Stojąc przed drzwiami prowadzącymi na scenę usłyszałam głos Ani:

- Mira!

Odwróciłam się i zobaczyłam blondynkę stojącą w drzwiach garderoby. Zaczęłam szybko iść w tamtą stronę, ale kiedy zobaczyłam nad drzwiami napis "Jann" stwierdziłam, że nie ma po co się śpieszyć.

Zanim zdążyłam wejść do pokoju, dziewczyna wyszła, zamykając drzwi.

- Muszę iść jeszcze zobaczyć czy wszystko jest na miejscu.

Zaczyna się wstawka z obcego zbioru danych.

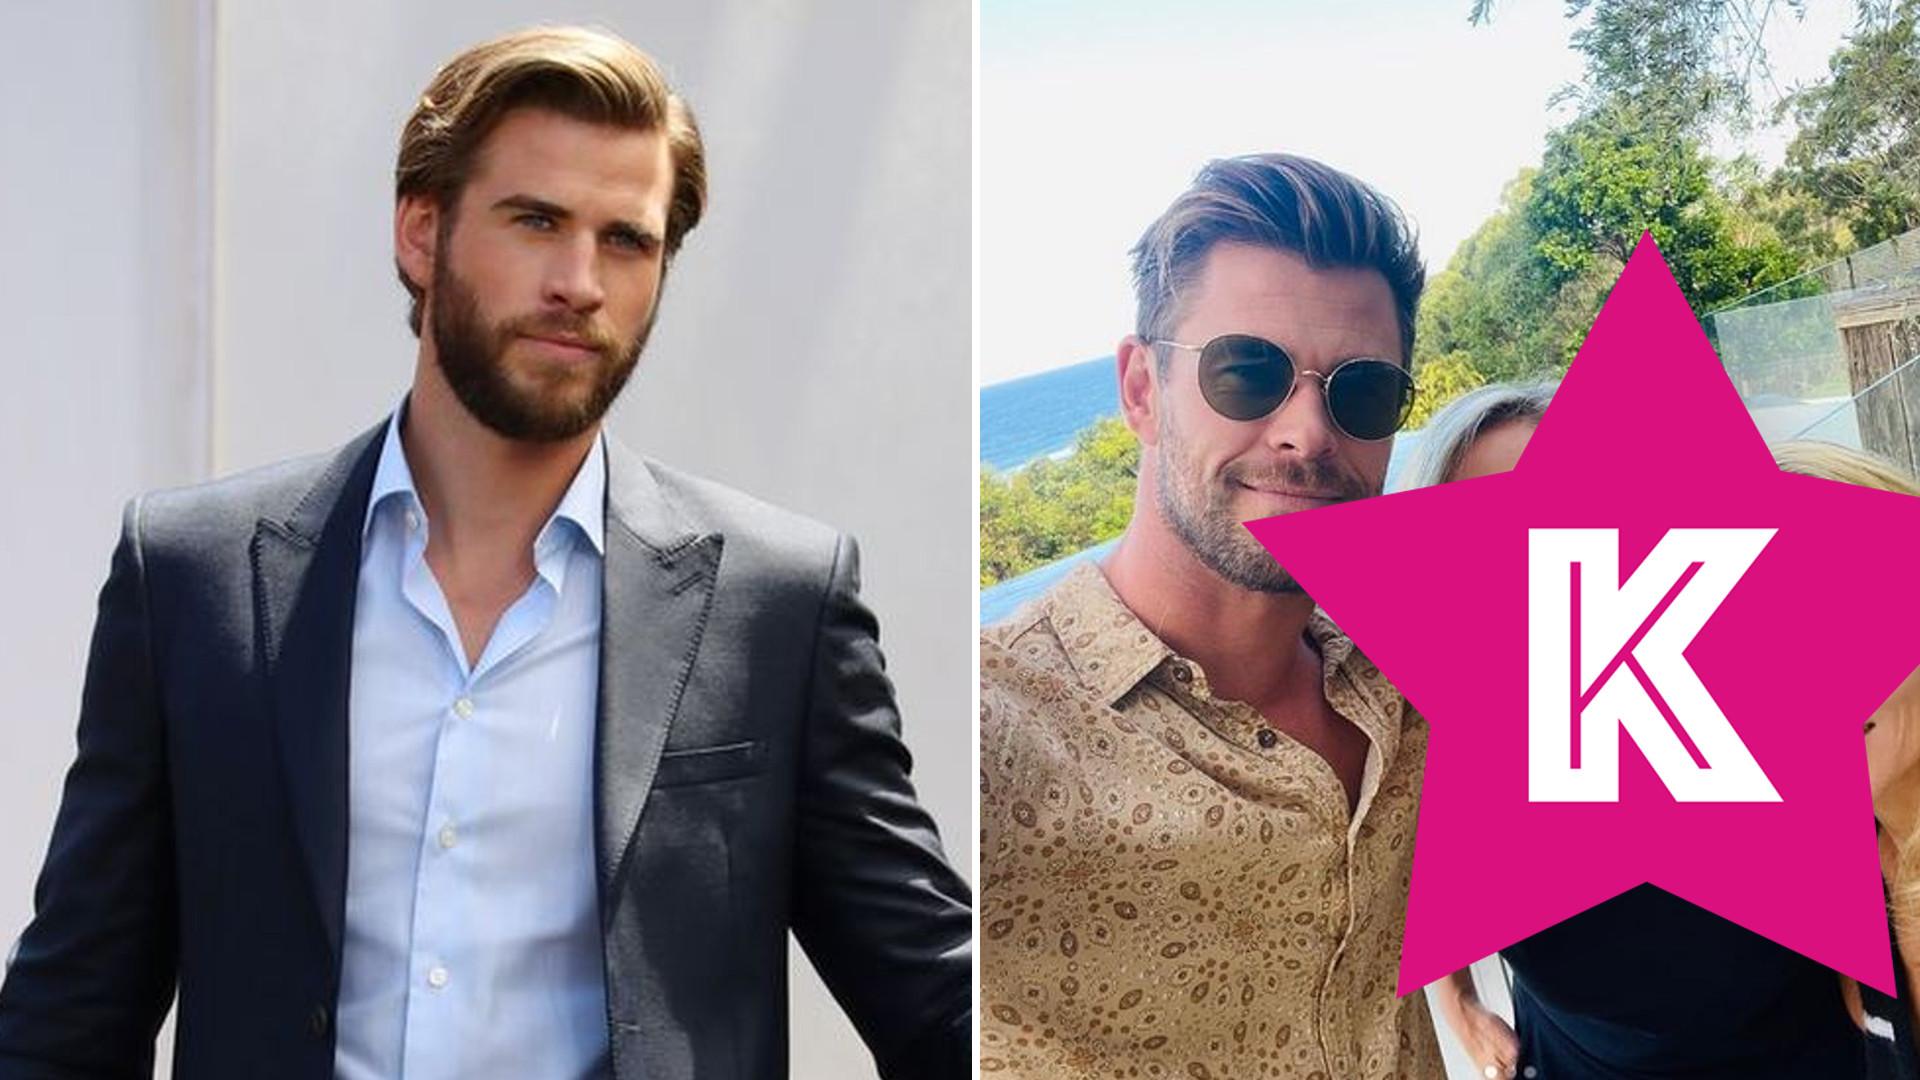 Mama Liama i Chrisa Hemswortha wygląda jak ich SIOSTRA, a ma 60 lat!

Mogłabyś pomóc mu się przygotować? Wszyscy ci, który mieli się tym zająć nie mogli dotrzeć, a wiem, że Janek na pewno nie pogardzi twoją obecnością - Powiedziała na jednym wdechu i szybkim krokiem zaczęła odchodzić. - Dasz radę! - Pokazała kciuk w górę i poprostu zniknęła.

Rozejrzałam się, szukając pomocy, lecz nikogo nie było.

Wzięłam wdech i wydech, pociągnęłam za klamkę, a następnie weszłam do pomieszczenia, cicho zamykając drzwi.

Odwróciłam się i zobaczyłam blondyna kręcącego się na fotelu.

Czyli przez tyle lat w ogóle się nie zmienił.

Podeszłam do biurka na którym leżało dużo kosmetyków i usiadłam na jedym z krzeseł naprzeciwko chłopaka.

- W czym potrzebujesz pomocy? - Zapytałam, starając się trzymać jak najmilszy ton głosu.

- Ania okazała się słabą makijażystką, ponieważ stwierdziła, że potrafi tylko siebie malować, a nie kogoś - Przewrócił oczami z uśmiechem. - Więc na pewno z makijażem.

Wyciągnęłam telefon z kieszeni i puściłam jakąś piosenkę na Spotify, ponieważ od zawsze nie potrafiłam pracować w ciszy, a muzyka mnie relaksowała.

Wzięłam z blatu krem do twarzy i zaczęłam go nakładać, ale chyba zobaczył, że idzie mi to dość opornie, ponieważ stworzyłam między nami dystans, więc jednym ruchem przybliżył mi krzesło tak, że stykaliśmy się kolanami.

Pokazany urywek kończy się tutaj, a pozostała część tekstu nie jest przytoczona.